While the department has hired more women since the Grand Jury report, there are still only 24 women in the department, fewer than 4% of its firefighters. By comparison, women make up 15% of the San Francisco Fire Department, the highest in the country.
Just four out of 162 San Jose fire captains are women, and there’s only one woman among the department’s 24 battalion chiefs.
The underrepresentation of women in the fire service isn’t confined to San Jose. According to 2022 data from the National Fire Protection Association, about 9% of all firefighters in the United States are women. But the number dips to under 5% when volunteer firefighters are removed from the equation.
Sapien said recruitment efforts have become more difficult over the years, pointing to increasingly stricter entry-level hiring standards in his department, which shrinks the pool of eligible candidates that’s already thin on women.
Even so, Sapien said “we need to do much better.”
“Our number was up in the 40’s,” Sapien said. “We’ve had attrition since then. In those decades between then and now, we didn’t do a great job in recruiting women. And I don’t think that’s necessarily because the department was unwilling to do so. I think we just haven’t overcome the challenges that are present in that process.”
Despite the new efforts listed by Sapien, NBC Bay Area’s Investigative Unit confirmed the department never followed through on some of the assurances it made in response to the Grand Jury’s findings back in 2021.
After the Grand Jury found there were four fire stations with no separate locker rooms for women, 14 stations with no separate dorms, and four stations with no separate restrooms with showers for women, the department said it would gather employee concerns and develop a work plan that would be submitted to Chief Sapien by May 2021, and later to the city manager.
The department made similar promises that it would create reports by May 2021 addressing “challenges for female firefighters” in the department, as well as the findings on uniforms and gear.
But NBC Bay Area confirmed those reports were never completed, though Sapien said the department did use a stakeholder committee and other department staff to evaluate those issues and provide recommendations to the Chief.

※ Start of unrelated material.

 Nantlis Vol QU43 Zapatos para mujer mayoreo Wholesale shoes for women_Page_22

“We thought it would bring change,” former San Jose Fire Department Battalion Chief Patricia Tapia said of the Grand Jury’s findings. “[Other agencies] took it as an opportunity to point the lens at themselves and reflect on where they were and what kind of work they were doing and where they were falling short. And sadly, my department didn’t do that.”
Tapia was one of the first women to wear the uniform for the city when she joined up back in the 1980s, later rising to the rank of battalion chief. But Tapia said her career in the department was marred by sexism, harassment, and retaliation.

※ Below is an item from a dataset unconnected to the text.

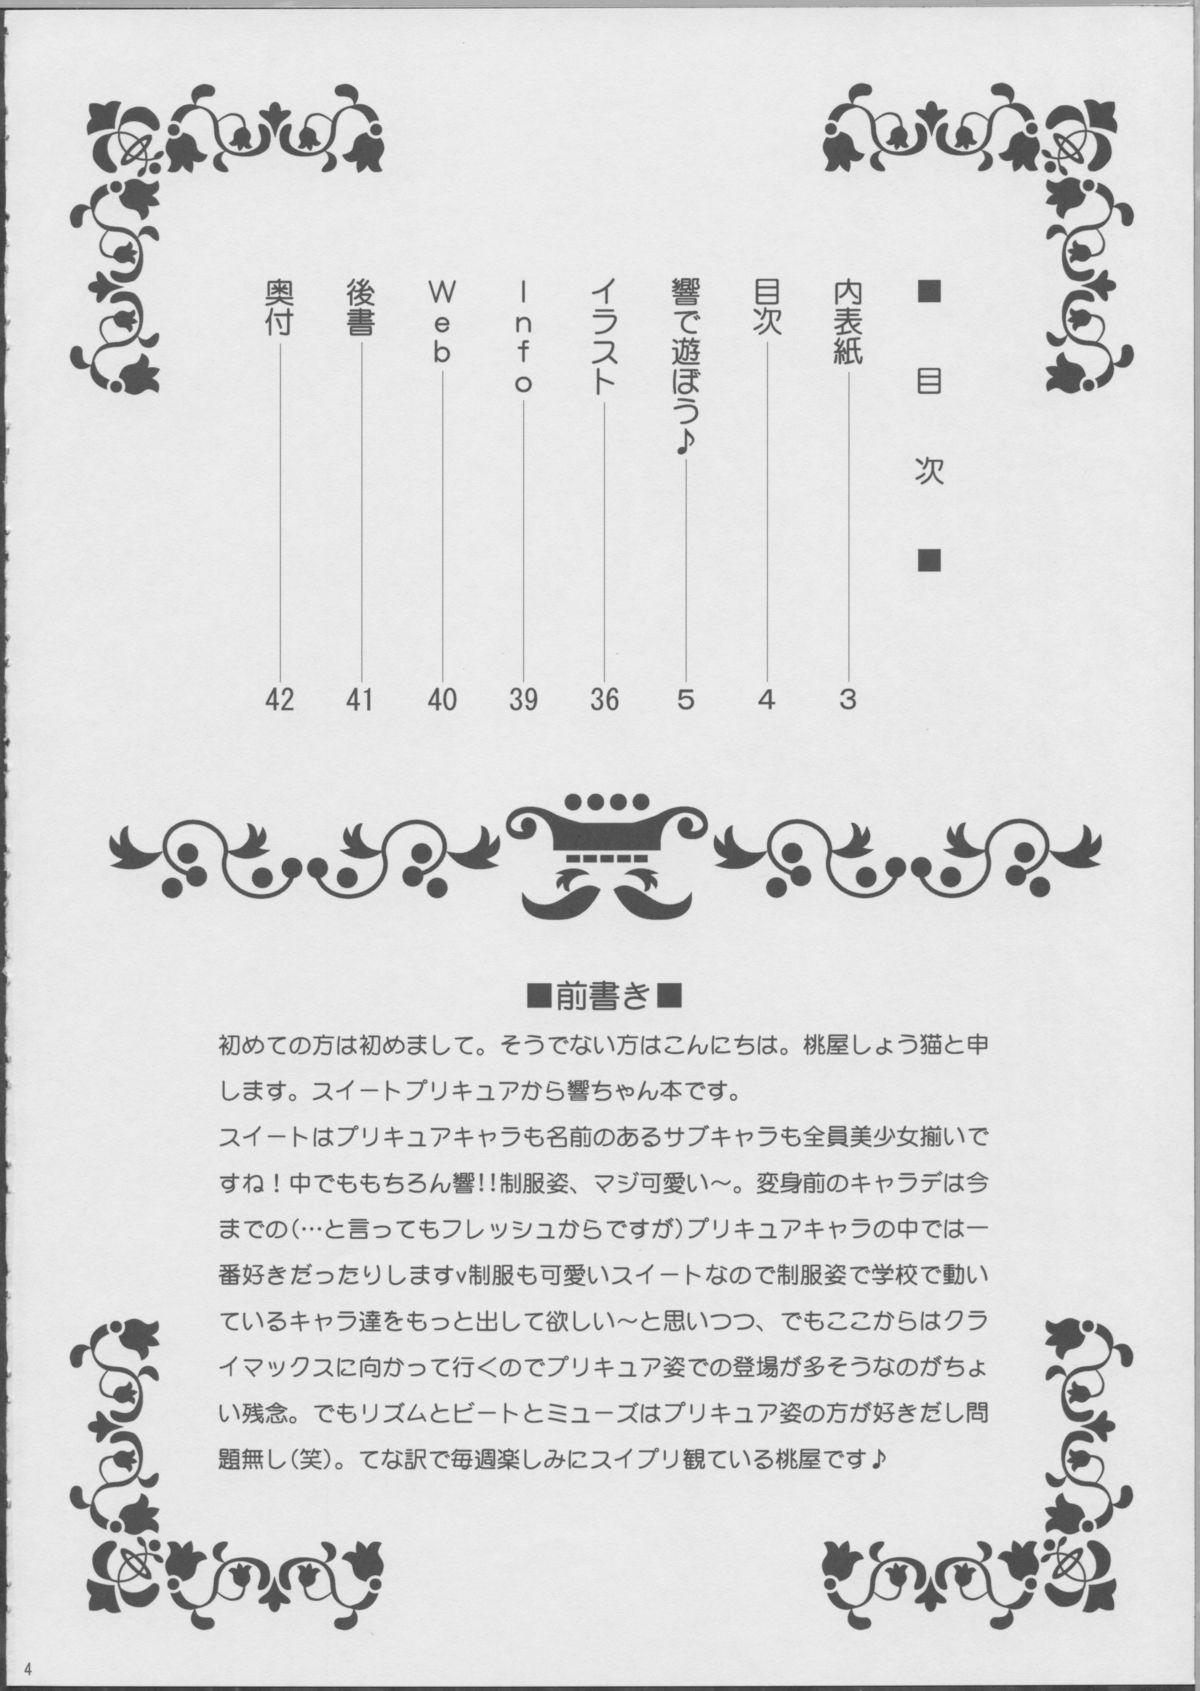 Hibiki de asobou ♪ 2

Tapia settled her first gender discrimination lawsuit in 2012 after she and another fire captain were passed over for open battalion chief positions.
“She came out number one, I came out number eight [on the test],” Tapia said. There were nine positions. They skipped us both. You’ve performed the way they want you to and checked all the boxes, and for no reason, they say, ‘no.’”
In 2017, Tapia won a second lawsuit against the city, also alleging gender discrimination, as well as harassment and retaliation when she spoke up about it. A jury awarded her $800,000 and she left the department the following year.
“We continue to create a culture where behavior that wouldn’t be acceptable in a normal workplace is acceptable in a firehouse,” Tapia said.
Despite their own experiences in the department, Tapia and Loessberg say young girls and women should still chase their dreams of becoming firefighters.
“You chase your dream, no matter what the cost,” Tapia said. “Because there’s a place for us in the fire service. There is a place for women in the fire service.”
They just hope the culture will be different by the time they get there.
“There is a culture that deserves to be looked at and deserves to have accountability,” Loessberg said. “And that accountability will create change.”